How to Flip A House

A home with new siding and roofing that would be a great fix and flip investment

1. Get Educated

  • You can’t find a cheap house online, buy it, and then sell it for a profit. If flipping were that easy, we’d all be real estate billionaires. You must educate yourself before you even start looking at homes. What do you need to know?
  • Understand the ins and outs of your local real estate market. Where do people want to live, right now? What kind of house do people want to buy, right now? Don’t speculate about up and coming neighborhoods. Remember, you want this house sold fast.
  • Become an expert on home financing options. Will you buy a house with cash? Will you apply for a home mortgage loan, or take out a HELOC? Make sure you understand the ins and outs of home financing before you apply for a loan, or make an offer on a house.
  • Don’t avoid the tough questions as you enter the house flipping process. Analyze how much house you can afford, and how much you can afford to lose on any deal. Learn how to negotiate effectively. The less money you invest into a house, the more money you can earn during the flip. You also need good negotiation strategies, to haggle with contractors and other workers. Know how to spot a good deal.
  • Research landscaping, plumbing, and electrician rates. Find out how much it costs, on average, to recarpet a 1,000 square foot home. You need to know these details to ensure you get the best deals possible.
  • Network extensively, and talk to potential buyers before you even start looking for an investment house to flip. Do whatever you can to build relationships with future buyers.

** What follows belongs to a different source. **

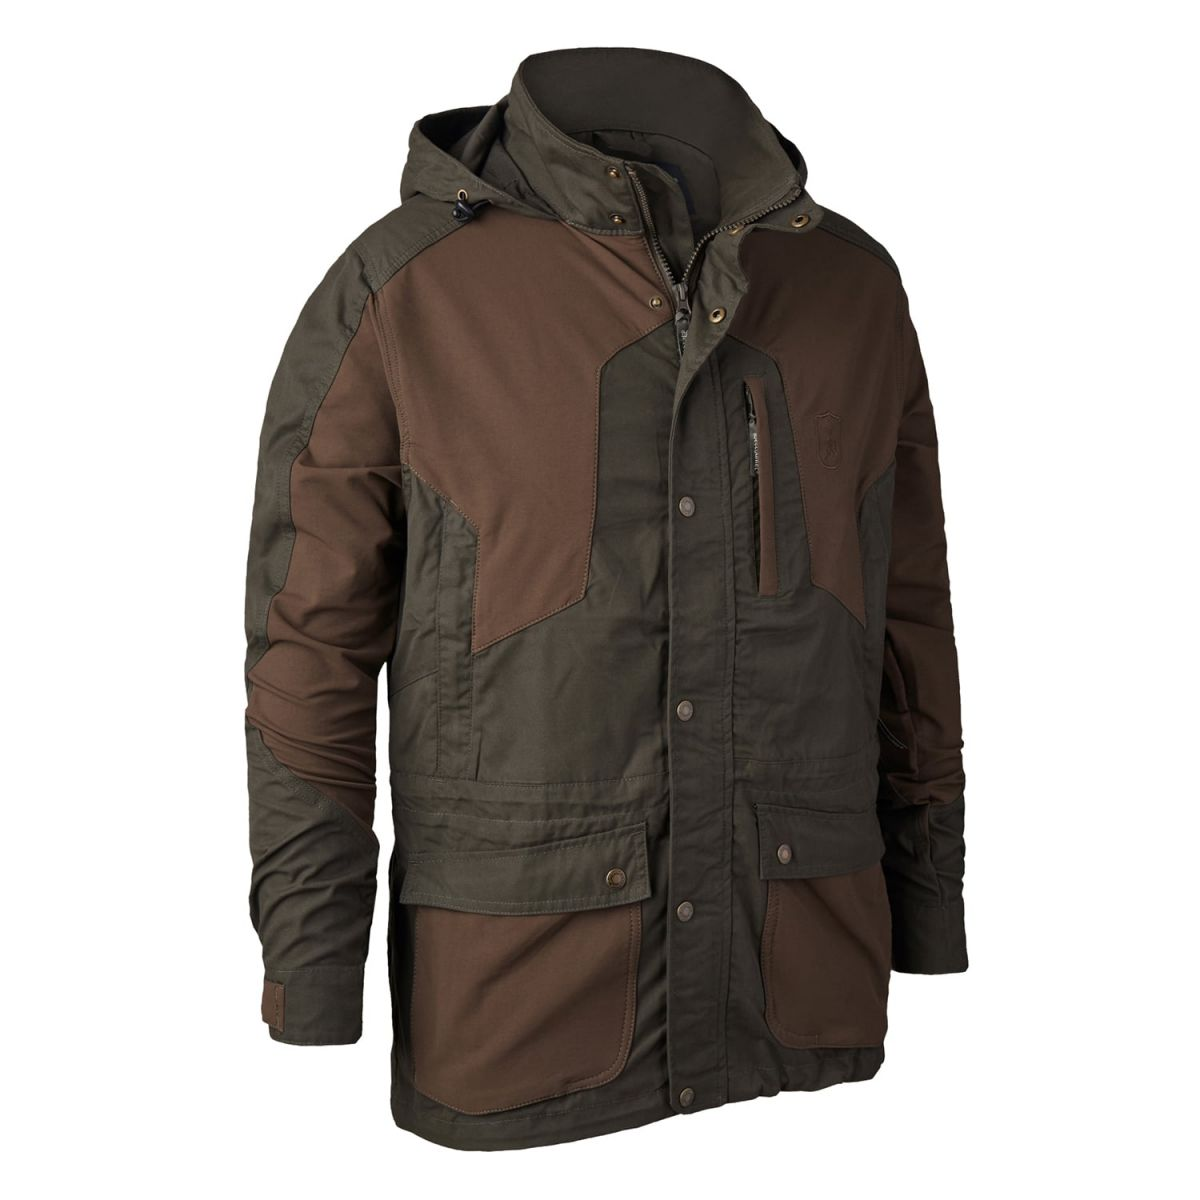 Куртка Deerhunter Strike Long OEKO-TEX + teflon Shield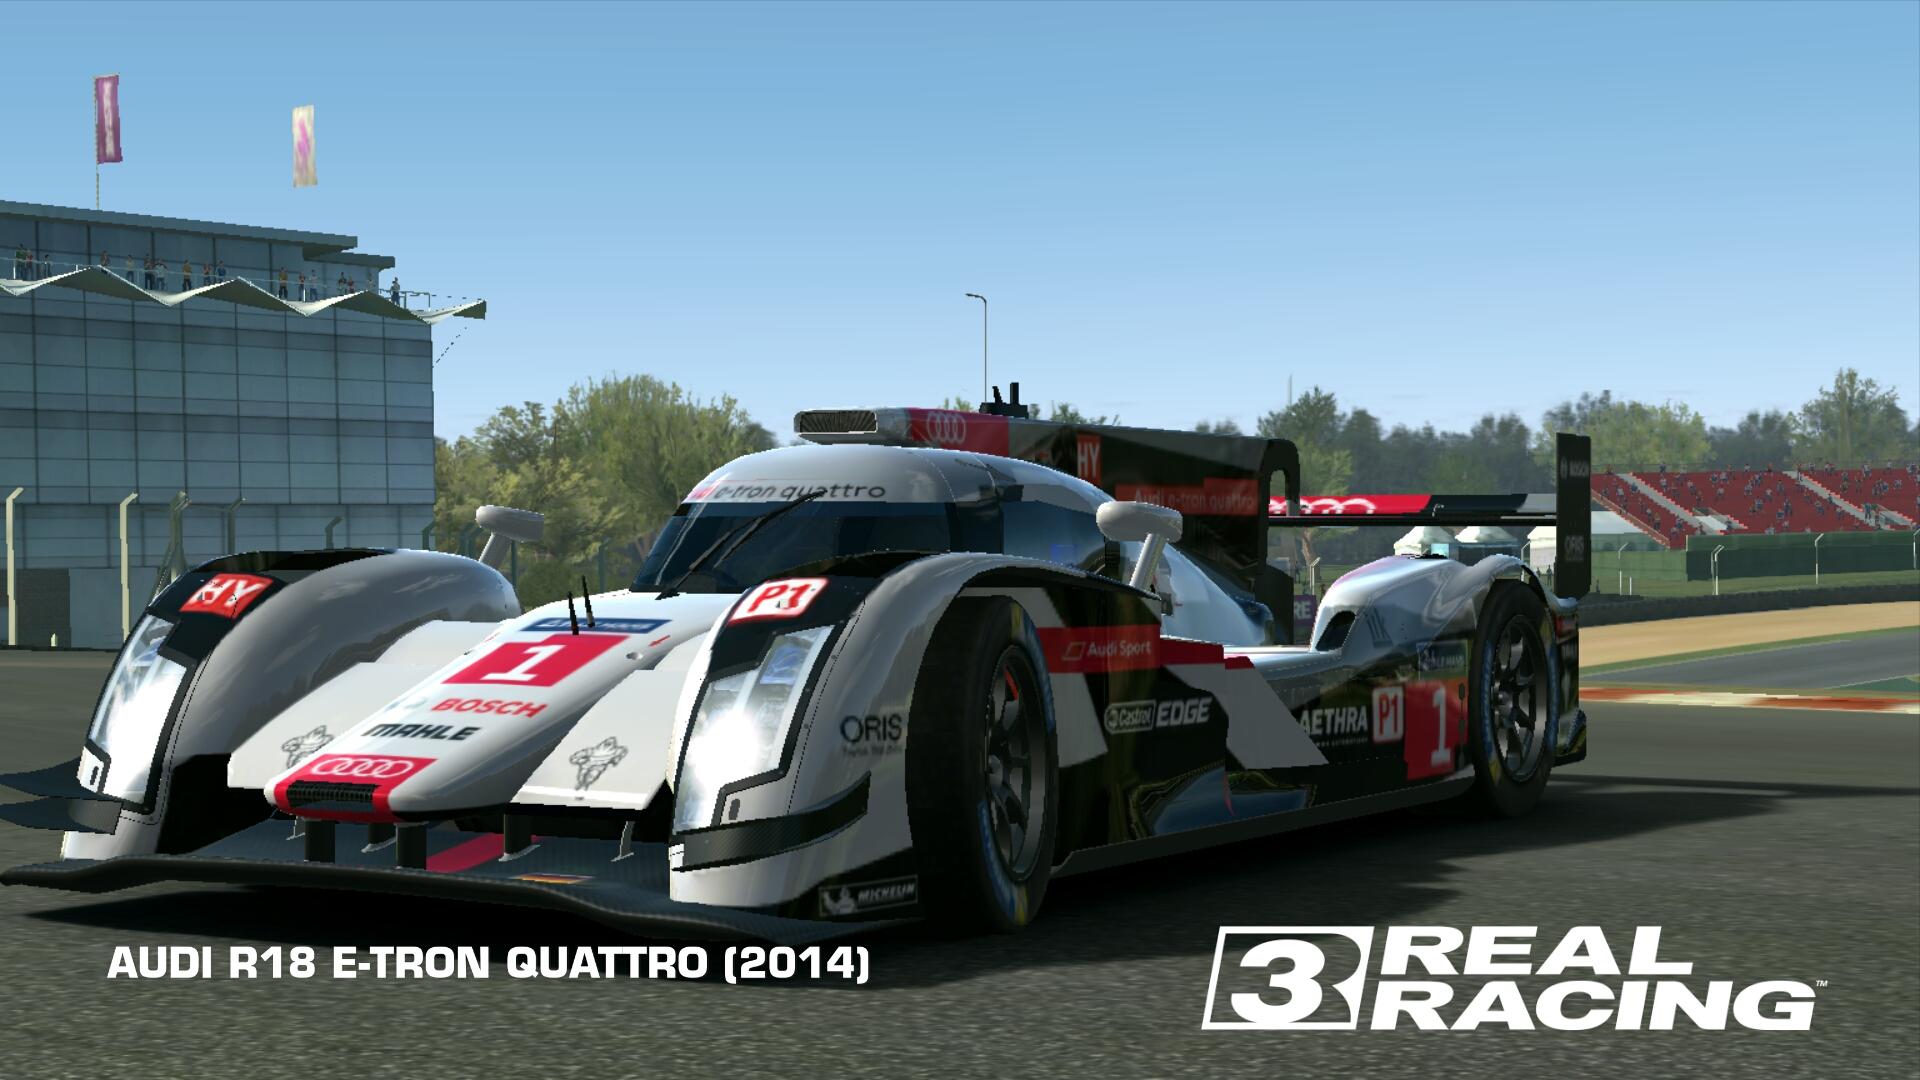 AUDI R ETRON QUATTRO Real Racing Wiki FANDOM Powered - Audi r18 e tron quattro

If you have a buyer lined up when you purchase an investment home, the house sells as soon as the updates are completed.
  • Start building a network of contractors you trust, including plumbers, electricians, and landscapers. You will need one or all of these services when you buy your home. Using professionals you trust saves you a lot of headaches, and money, down the road.
  • Know which home improvements increase the home’s value. Focus on these projects first. Home improvements that increase the value of a home might include upgrading kitchen appliances, repainting the home’s exteriors, installing additional closet storage space, upgrading the deck, and adding green energy technologies. On the other hand, avoid home improvements that won’t increase the selling price, like installing a pool, installing a whirlpool bath, or adding a sunroom to the house.

2. Find a Mentor

If you know a successful house flipper, ask him to be your mentor. You might even want to consider offering him an incentive to mentor you. For example, in exchange for his hard-won knowledge and advice, you give him a small percentage of your first profit. This way, the mentor is motivated to tutor you, and you ensure the quality of your education. Offering a financial incentive also enables you to approach experts you don’t know personally, since they will be compensated for their efforts.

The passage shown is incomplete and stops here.